Time of my life: ‘Working in a factory was a lesson in life’

Louis Copeland, tailor

Louis Copeland at his premises on Capel Street in Dublin. Photograph: Frank Miller

Louis Copeland at his premises on Capel Street in Dublin. Photograph: Frank Miller

 

The Time of My Life is a weekly column about a moment that changed someone’s life – for the better or the worse

After national school I went to technical school on Parnell Square, Dublin. I was there for two years. After that you had to go and get experience. In the meantime I would have been going down to my father’s workshop, sweeping the floor, doing the messages, that kind of thing.

I started out at about 10 years of age doing that. When I left school at 14, I went to tailoring school, learning about textiles. Then I went to work in a factory off Thomas Street, on St Augustine Street, John Barron and Co. Their brand was called Two Owls. I went to work in the factory when I was 16 years old. I’m 68 now.

You had to be in at 8am, and being in at 8am then was like being in at 5am now. I lived in Drumcondra on Grace Park Road. My uncle worked in a printer in Dolphin’s Barn, and he used to collect me at 7.20am every morning. He was one of those old-time workers – everything was to the minute. He’d come up Grace Park Road, you’d jump into the car with him and be there at 7.50am. In those days there was no traffic.

Clock in

You had to get your card and clock in. If it was 8.05am you had to wait outside in the cold until 9am to get into the place, and then they stopped you and you were late. Later in life that teaches you how to get up early in the morning and make sure you’re in on time.

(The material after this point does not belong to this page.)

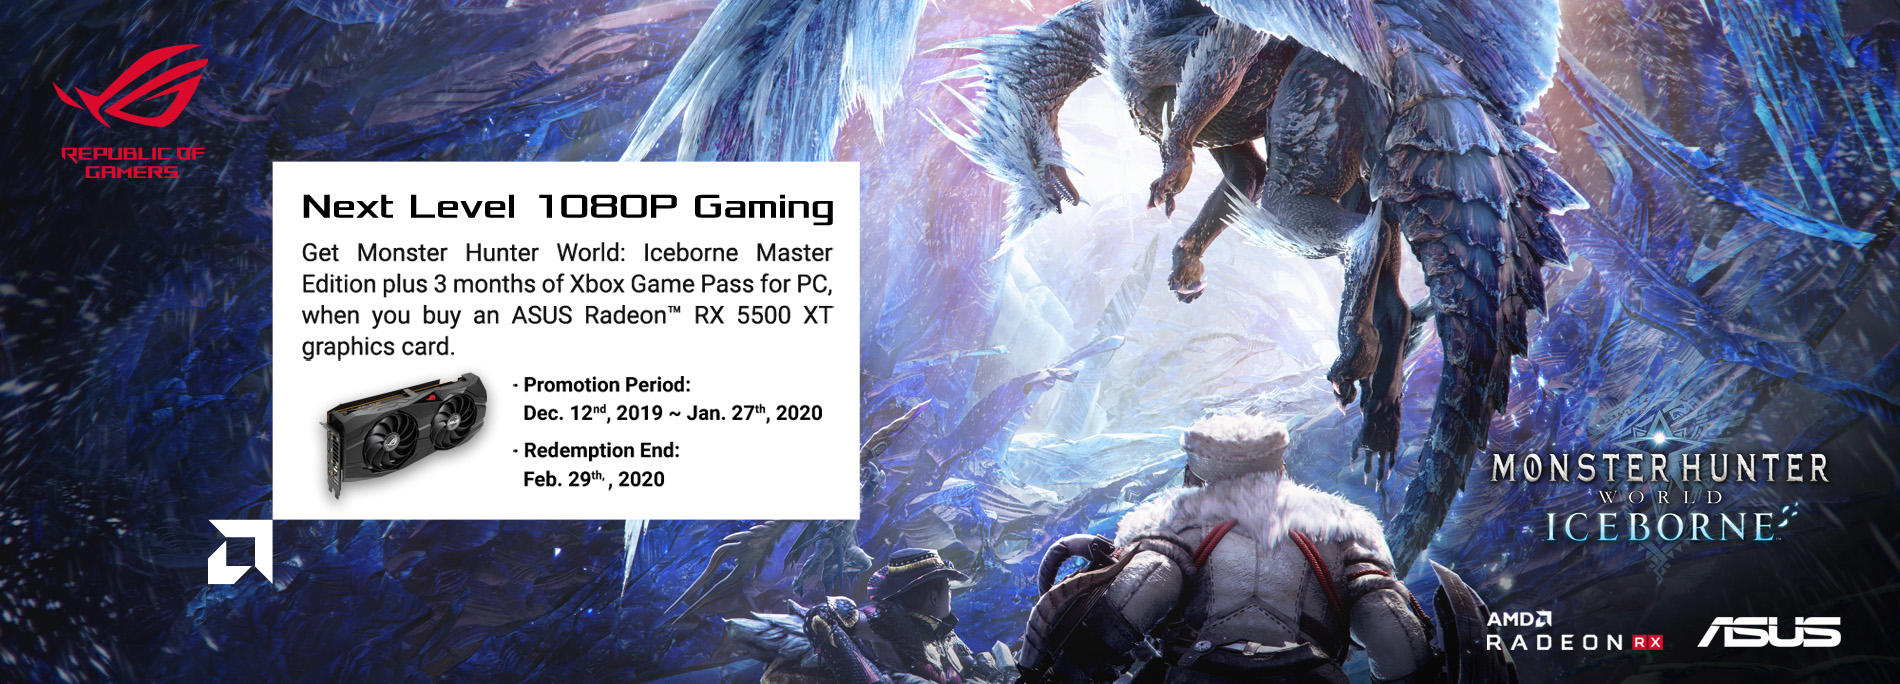 【AMD Radeon RX 5500 XT】送你熱門遊戲《Monster Hunter World: Iceborne™ Master Edition》

Working in the factory as an apprentice tailor, you did everything from sweeping the floor to working on a button hole machine. Obviously when you’re a new recruit they’d be playing tricks on you. They’d ask you to “go down to Mary and get a bucket of steam”, and you’d go down looking for one.

You realised later on the value of knowing how a factory works, how the garments are made, what’s underneath the bonnet, as it were. You get to learn all the fabrics, how things are made, all the tricks of the trade. In the factory you started on one thing but were brought around to different things. It was a great learning curve.

Get a lift home

When I finished work in the factory I would have come down to my father and done an hour or two working in Capel Street, and then get a lift home. I was in that factory for about two years. It was all a lesson in the trade for me, but it was also a lesson in life.